This Electronics Failure Analysis Case Study highlights how ITRI Innovation (a leading electronics testing laboratory) helped a leading assembler of electronics components for the automotive sector. The failure of a chip component was found to be caused by the encapsulation process. The case study explains the process that enabled this conclusion to be reached and the recommendations that were made to improve long term reliability. Feel free to call +44 1727 871328 to discuss your electronics failure analysis requirements.

1. FAILURE ANALYSIS OF
SURFACE MOUNT CHIP
COMPONENTS
How a failure of a chip component was found to be
caused by the encapsulation process and the
recommendations made to improve long term
reliability

2. The Client
The client is a major assembler of electronic
parts for the automotive sector.

3. The challenge
Certain surface mount chip-type components soldered to the
printed circuit board were not functioning correctly.
The initial suspicion was the quality of the soldered joints.

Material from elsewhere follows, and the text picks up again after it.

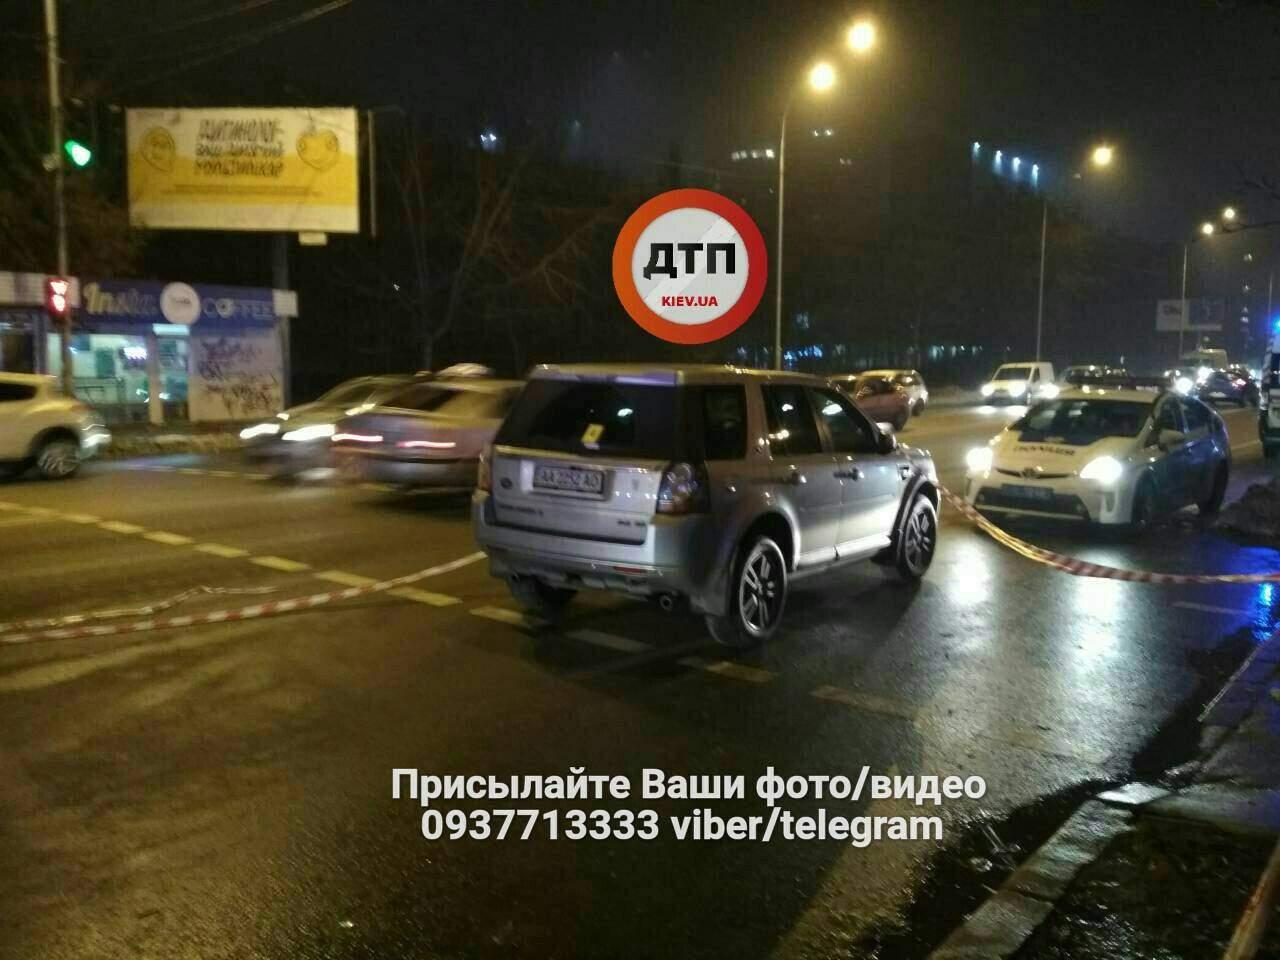 В Киеве водитель сбил насмерть пешехода (фото)

At
the outset, the aim of the investigation was to suggest
possible modifications to the soldering process in order to
improve the longevity of the solder joints.

4. The problem
The chip components are critical to the functionality of the
PCB and proper operation of the vehicle would not be
possible without resolution of the issue.
On closer inspection of the solder joints, the wetting and
contact angles seemed fine. The ceramic component body
has a different thermal expansion coefficient to the other
materials present, so suspicion then shifted to thermal
fatigue in the joint

5. The Solution
Through cross-sectional analysis and high magnification electron microscopy,
ITRI Innovation was able to identify that the soldering and the joint was fine,
but that there was a clear crack within the ceramic body of the component that
would account for the issues encountered.
The PCB is encapsulated in a potting compound during assembly, and
examining pre- and post-potted samples revealed that the cause of the issue
was not the soldering process or in-service conditions of the product, but
rather the curing action of the potting compound which caused the board to
bow slightly, thereby introducing mechanical stresses to the component.

6. The Outcome
The replacement of the potting compound with one that had different curing
characteristics eliminated the mechanical stresses applied to the board and the solder
joints.
 A benchmarking exercise was carried out to identify a potting compound that
exhibited less shrinkage
 Soldered joints from chip components on assembled boards produced with the
different potting material were assessed to find presence of the component body
cracking
 Once candidate potting compounds were shortlisted, the assembled parts were then
environmentally tested through thermal cycling, salt spray and vibration to ensure that
the potting compounds also provided adequate in-service protection to the board
The use of the new potting compound has meant that chip capacitors now continue to
work on the board, with no reported failures since.